━━━━━ Data shown ━━━━━
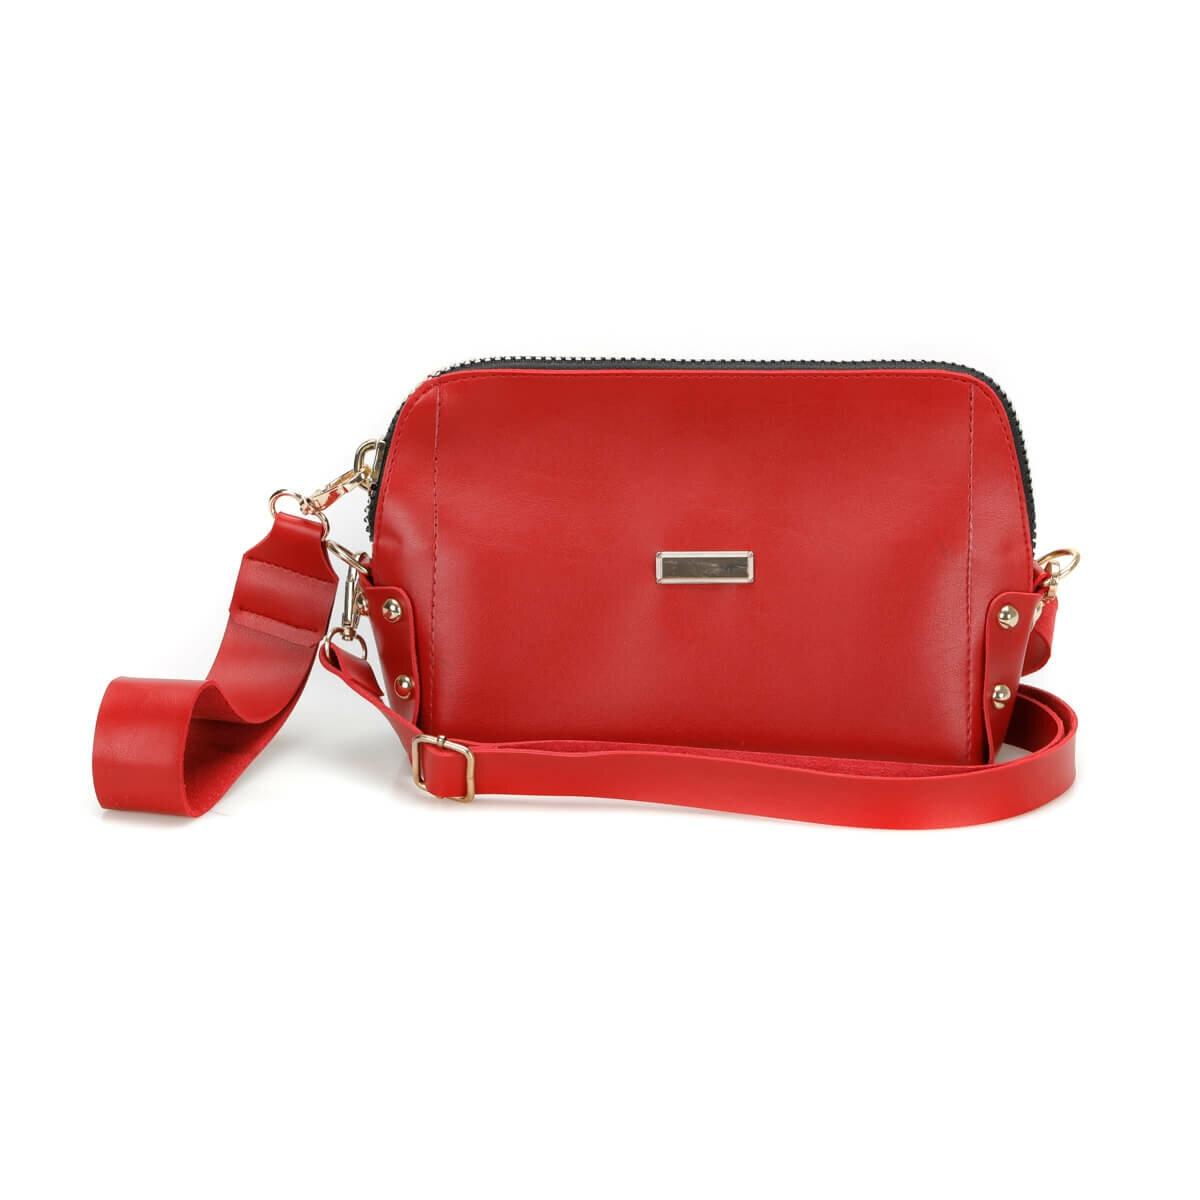 FLO WDRN1201 Red Women Messenger Bag BUTIGO
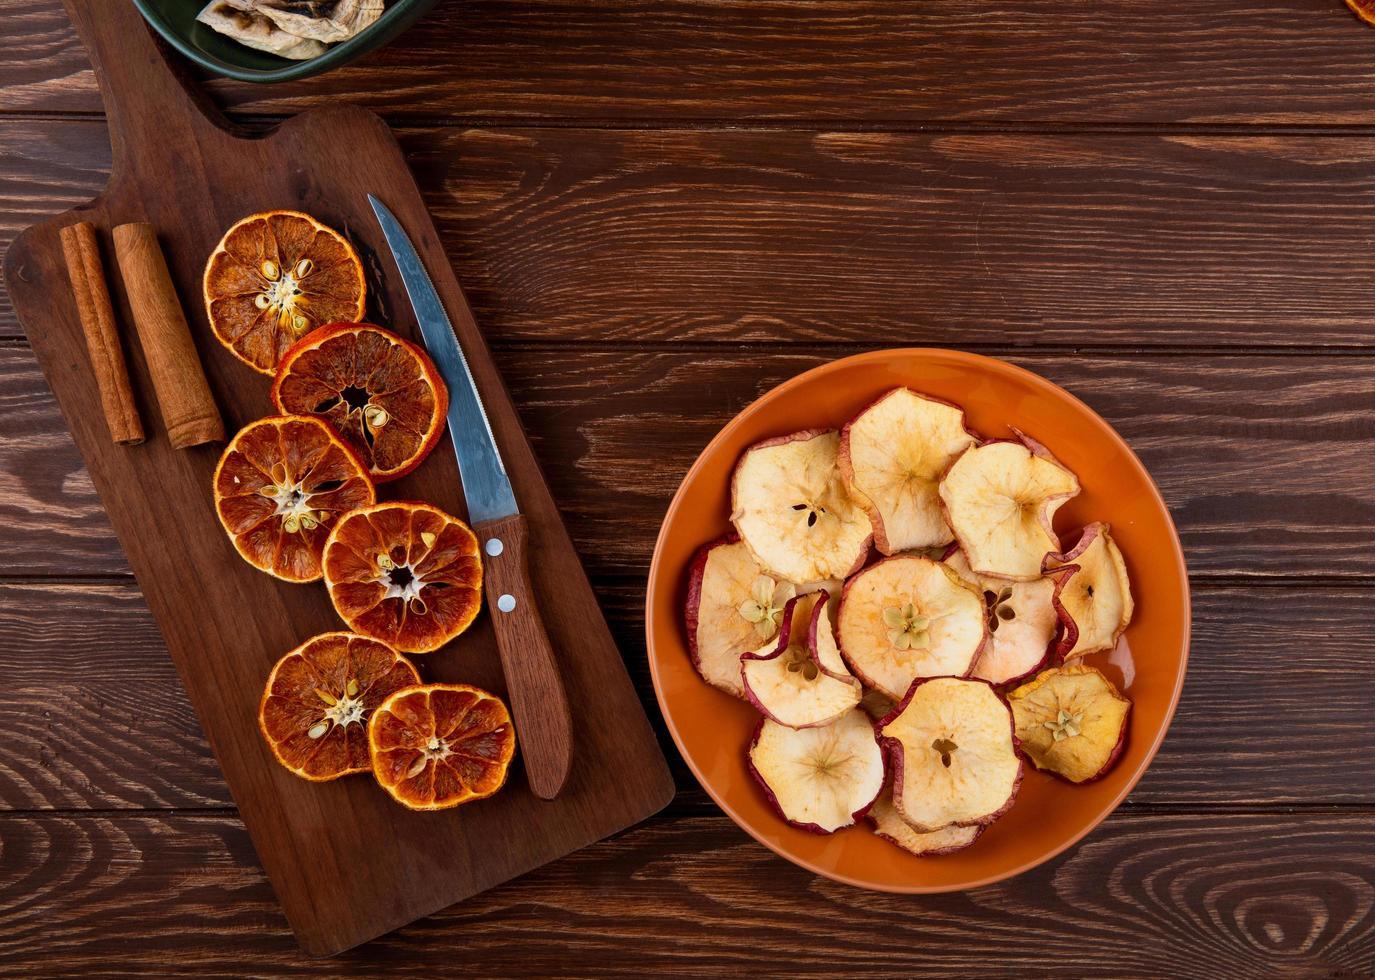 Draufsicht von getrockneten Orangenscheiben mit Küchenmesser auf einem hölzernen Schneidebrett und getrockneten Apfelscheiben auf einem Teller auf hölzernem Hintergrund foto
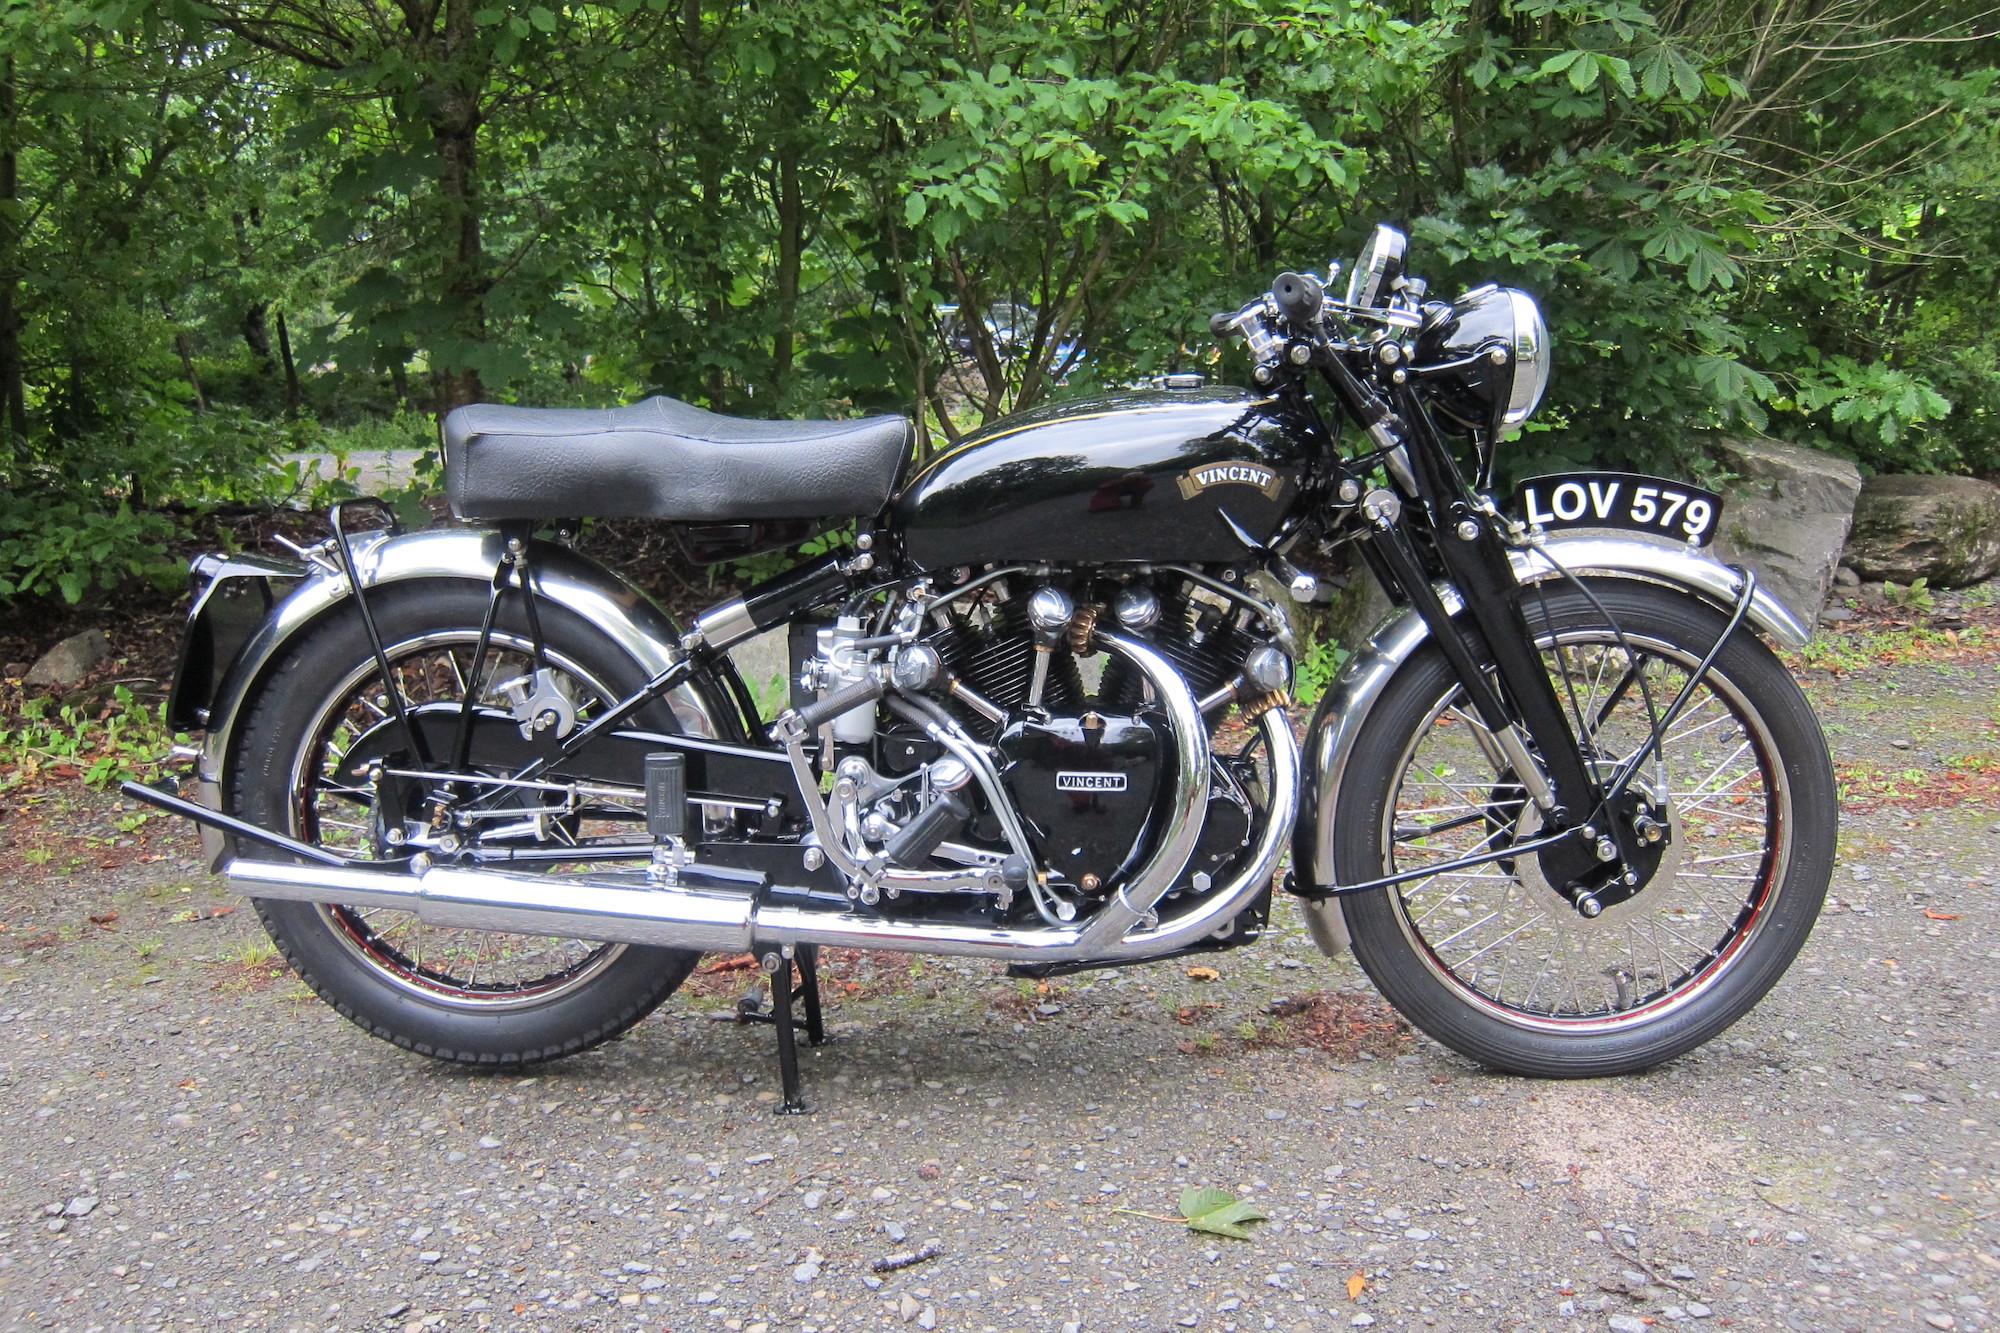 1951 Vincent HRD 998cc Black Shadow Series C
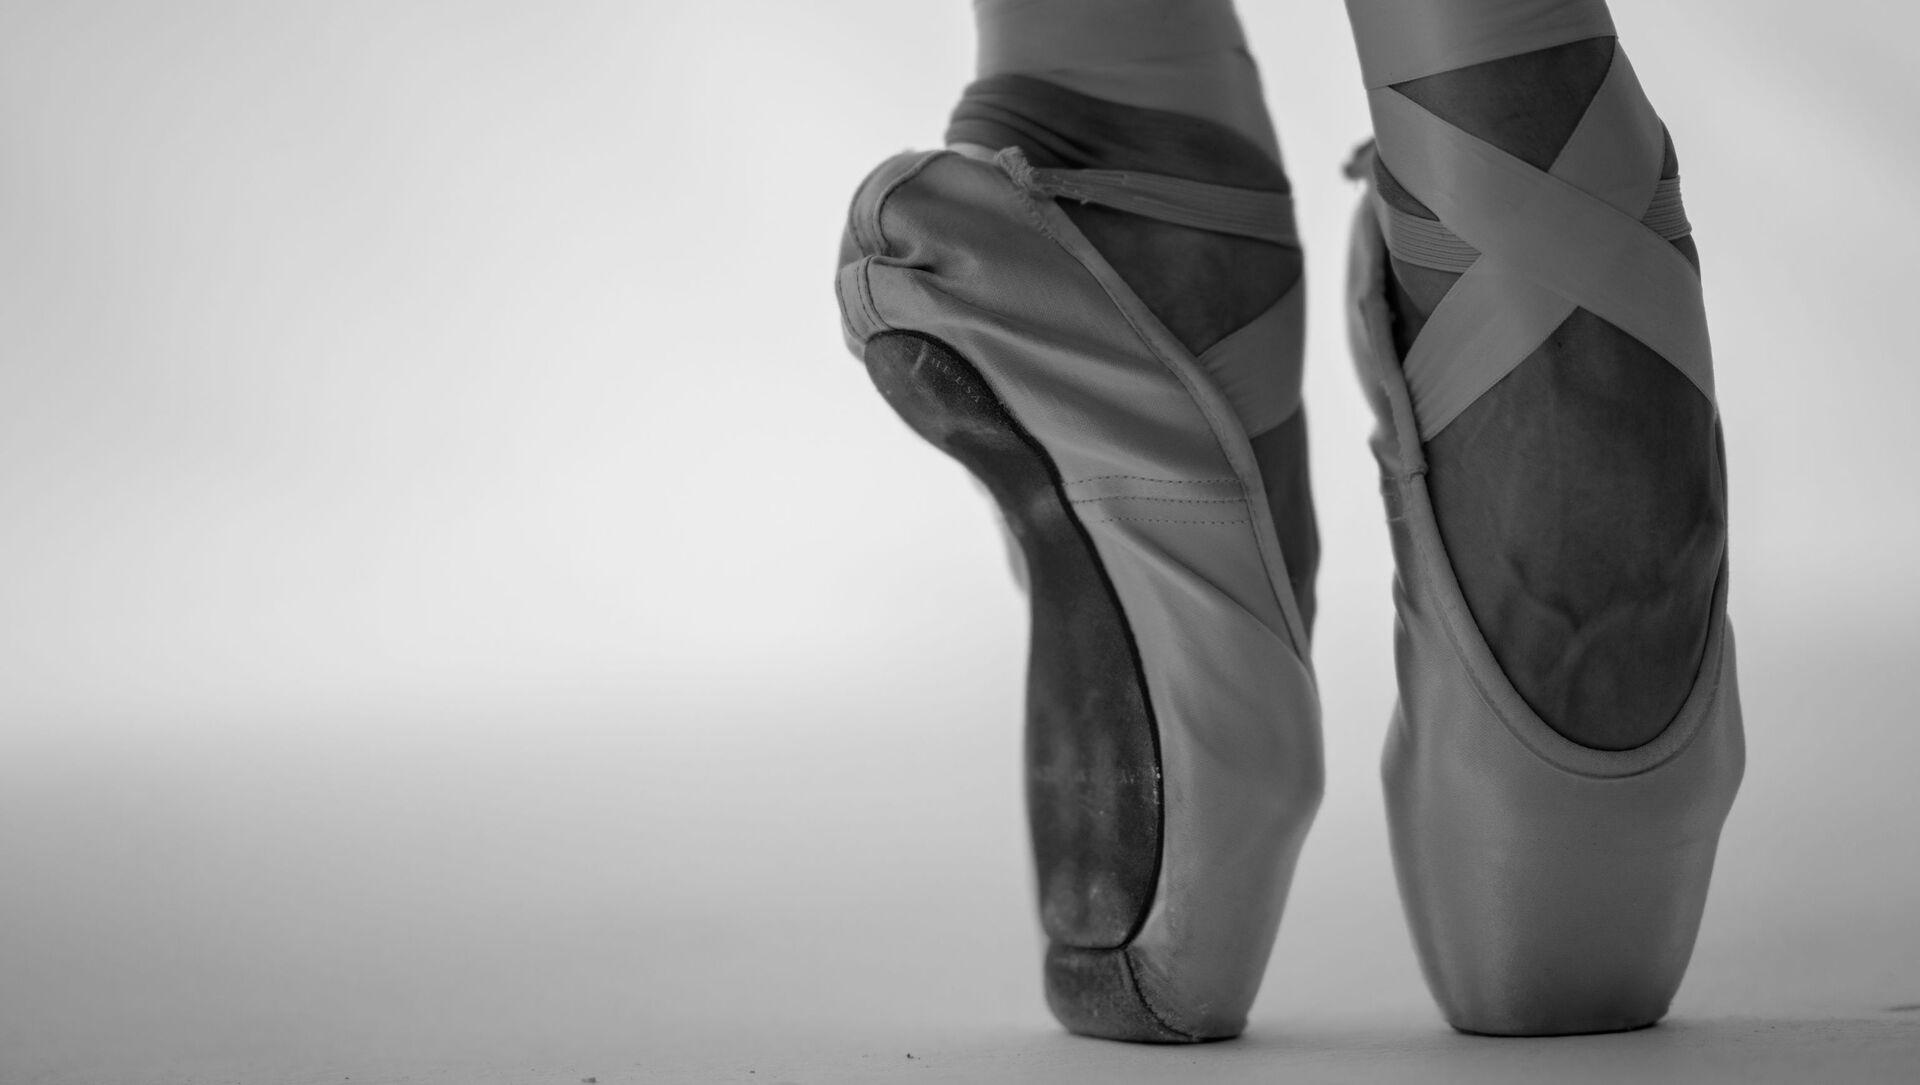 Zapatillas de punta (imagen referencial) - Sputnik Mundo, 1920, 09.02.2021
━━━━━
* Prompt: Could the material above be given again in full and exactly, with its pictures left out?

* Exercise solution:
 FLO WDRN1201 Red Women Messenger Bag BUTIGO
 Draufsicht von getrockneten Orangenscheiben mit Küchenmesser auf einem hölzernen Schneidebrett und getrockneten Apfelscheiben auf einem Teller auf hölzernem Hintergrund foto
 1951 Vincent HRD 998cc Black Shadow Series C
 Zapatillas de punta (imagen referencial) - Sputnik Mundo, 1920, 09.02.2021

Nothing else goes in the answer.